= DATASET EXTRACT =
--- START ---

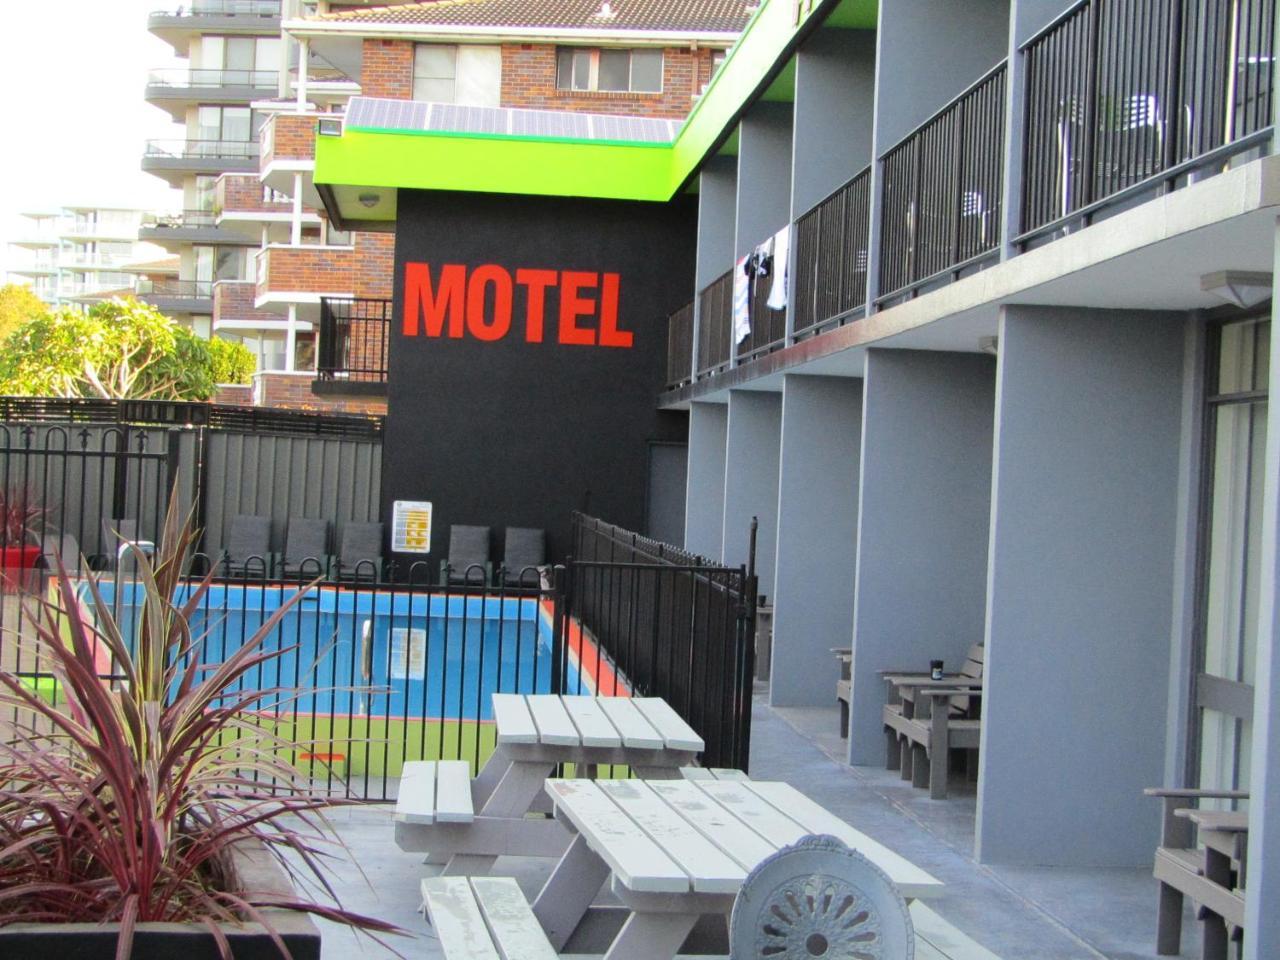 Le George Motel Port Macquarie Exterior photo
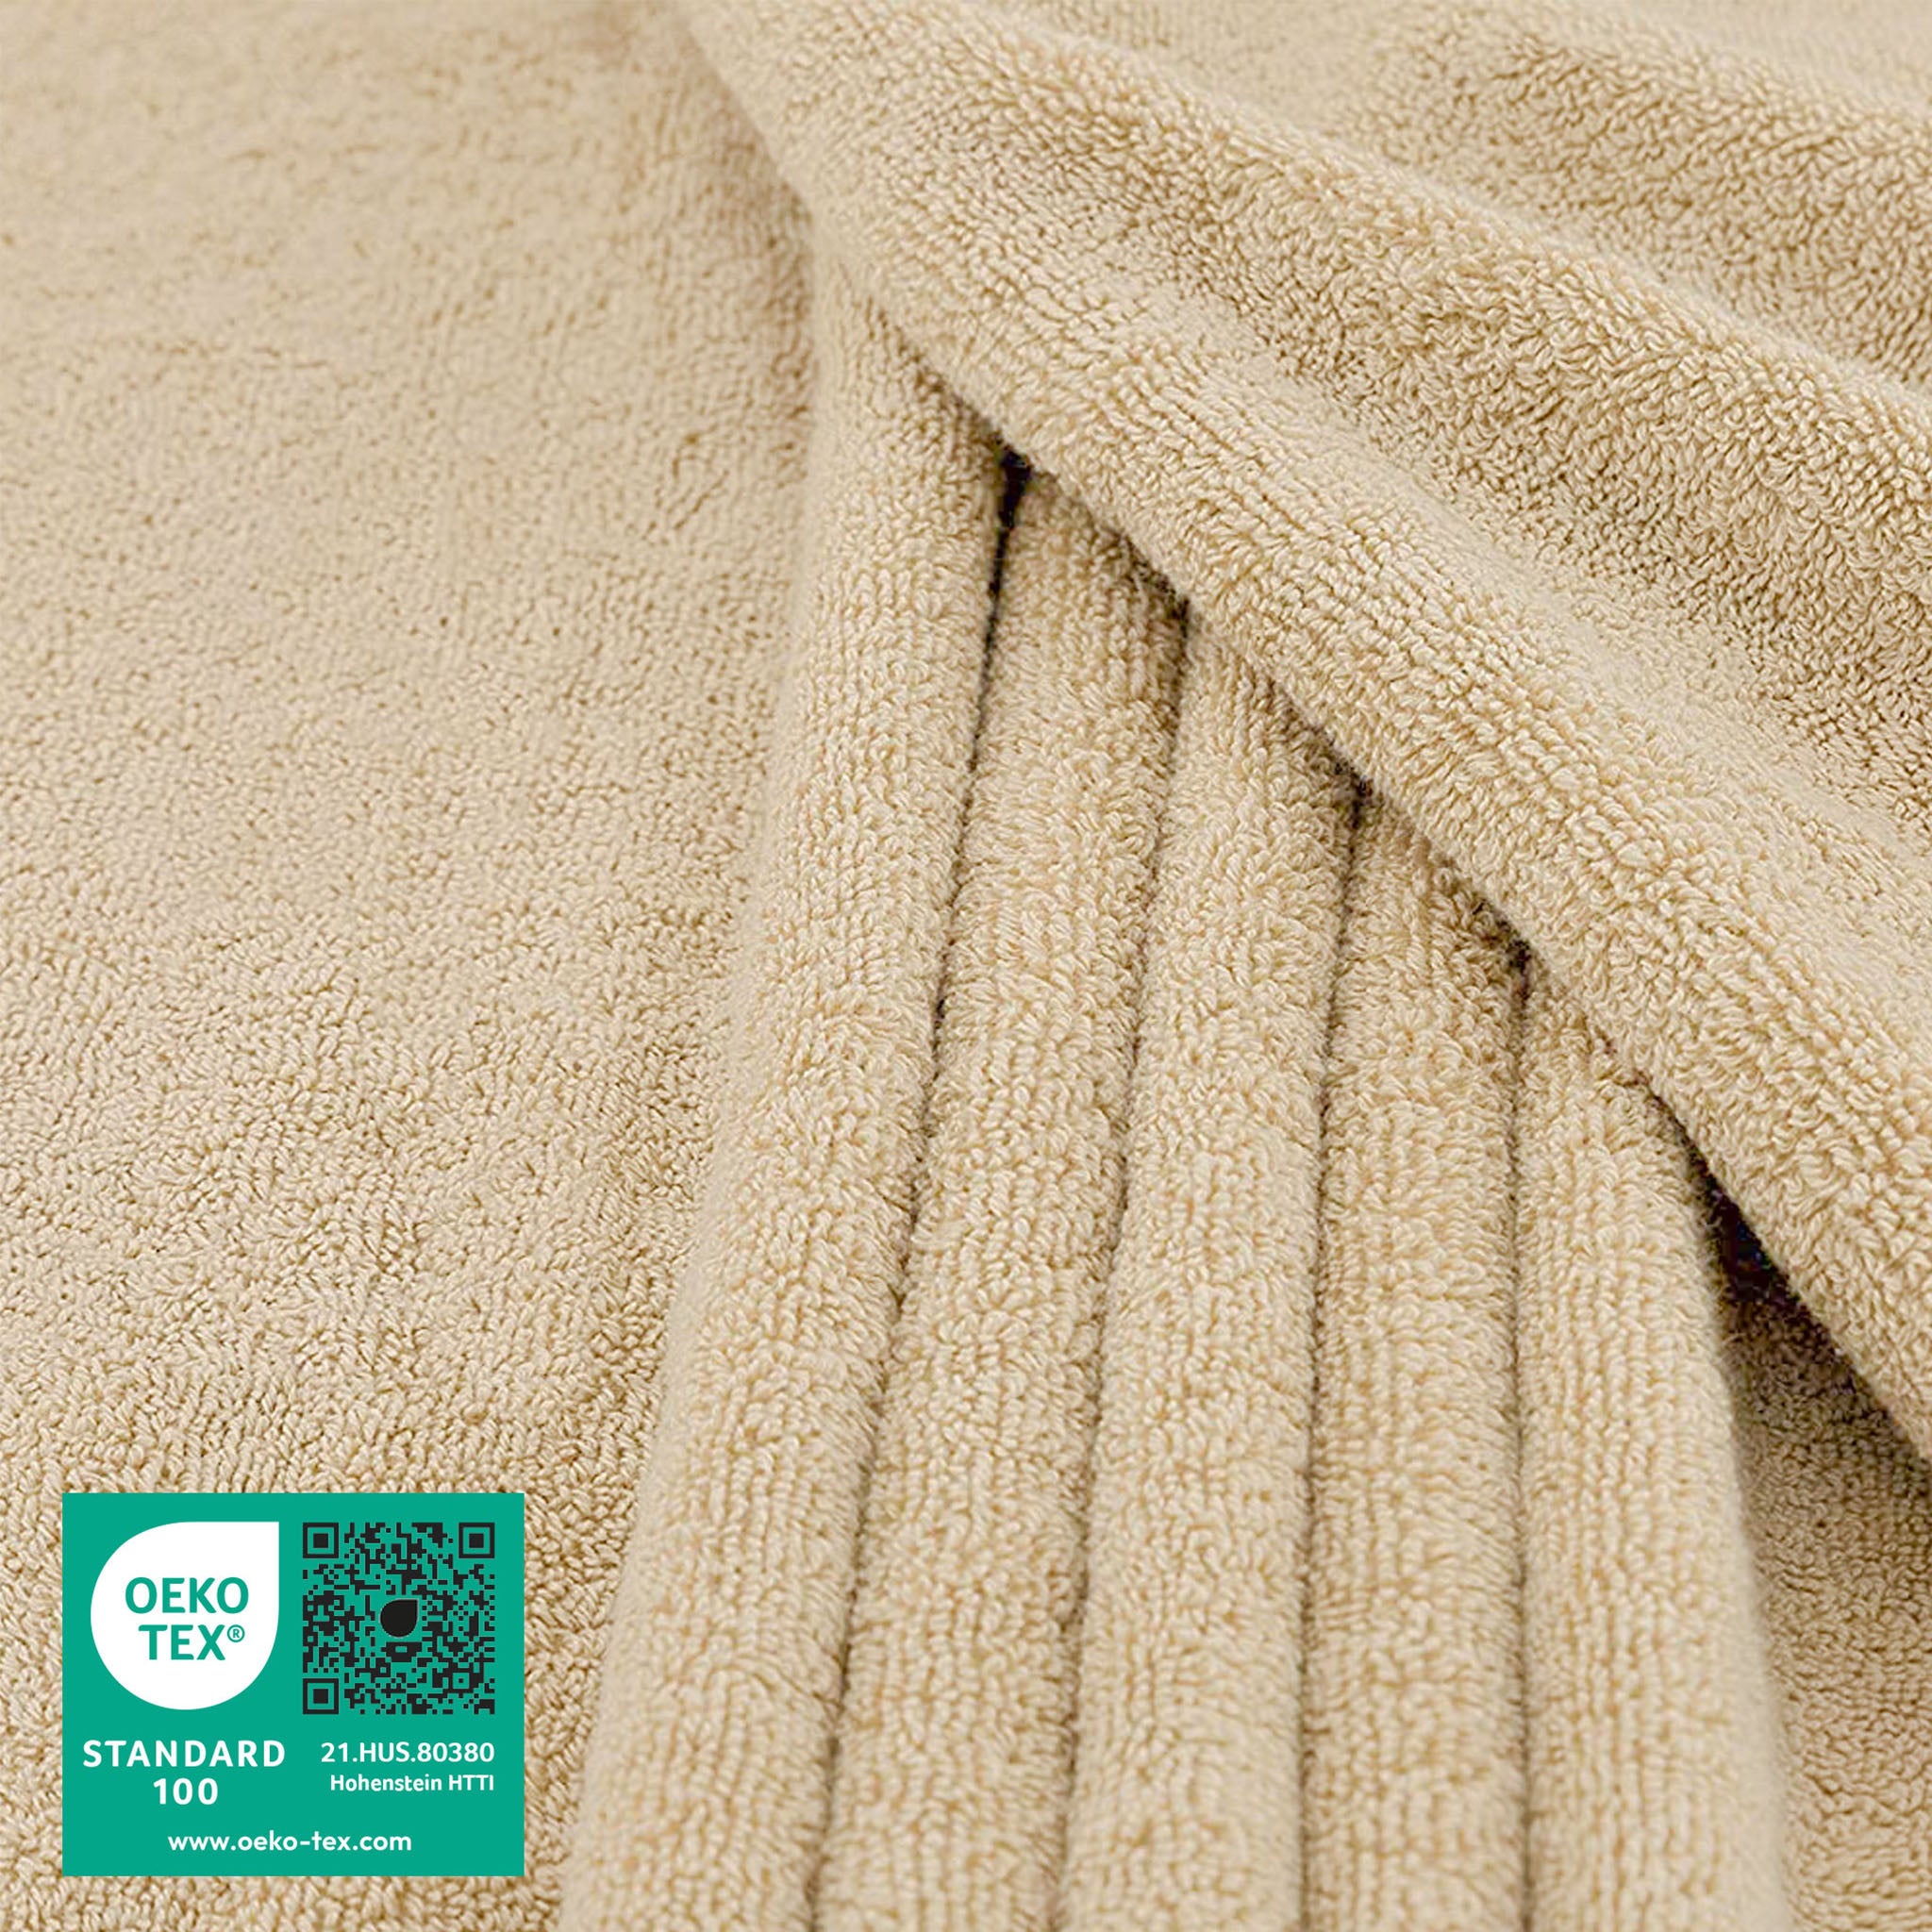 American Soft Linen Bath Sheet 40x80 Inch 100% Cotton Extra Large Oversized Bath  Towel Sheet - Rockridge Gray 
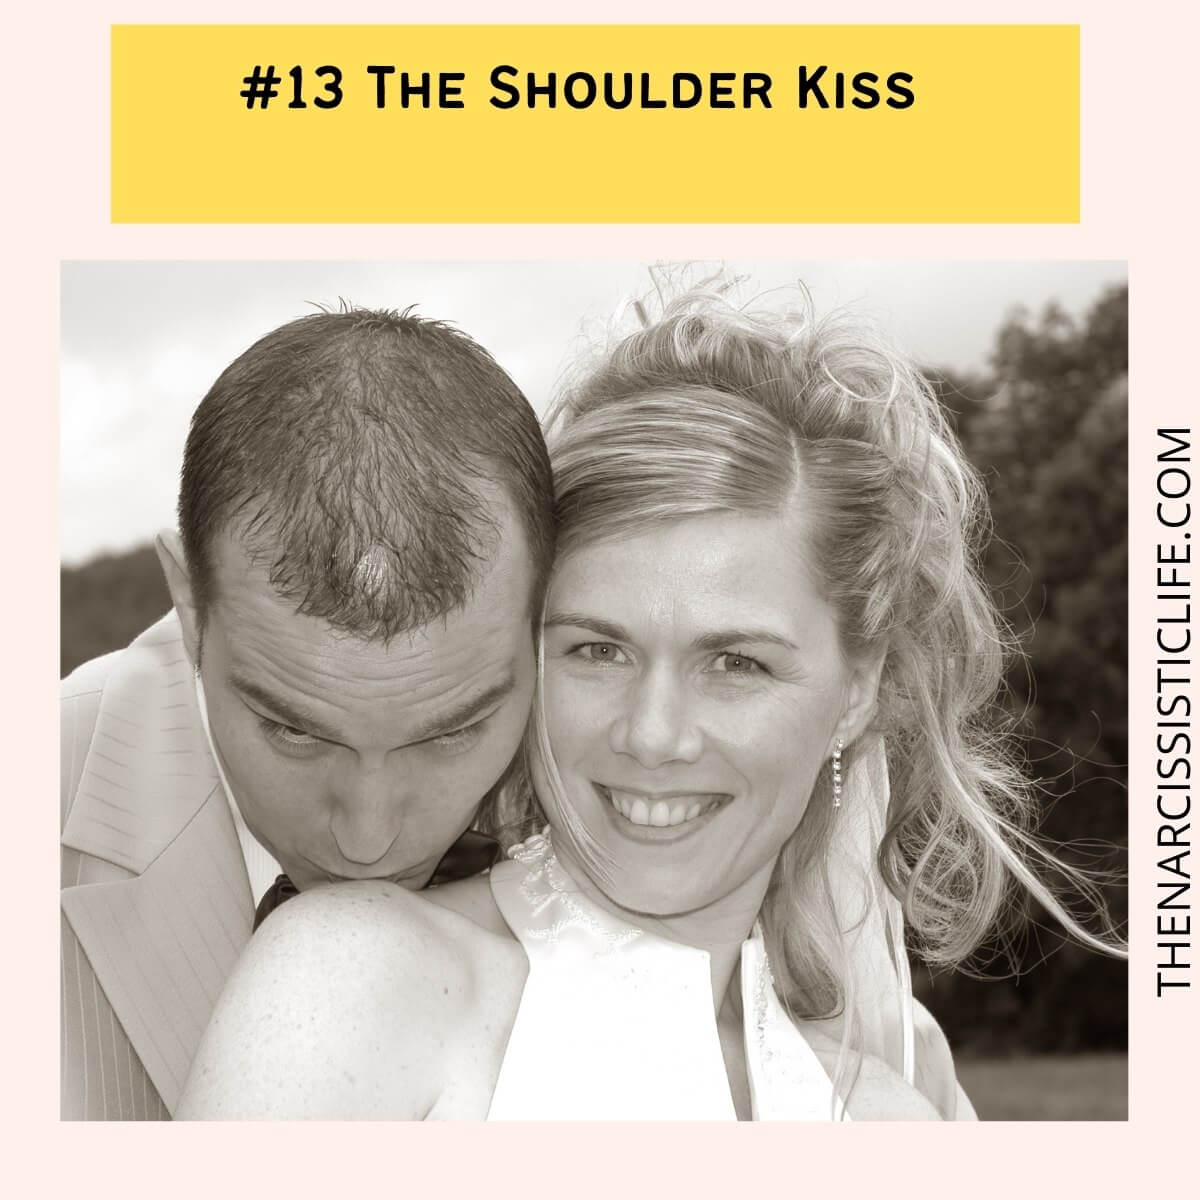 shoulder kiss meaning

--- END ---

= ASSIGNED TASK =
Every line of the listing must be reproduced exactly, though the pictures are to be left out.

= FINISHED TASK =
 Le George Motel Port Macquarie Exterior photo
 American Soft Linen Bath Sheet 40x80 Inch 100% Cotton Extra Large Oversized Bath  Towel Sheet - Rockridge Gray 
 shoulder kiss meaning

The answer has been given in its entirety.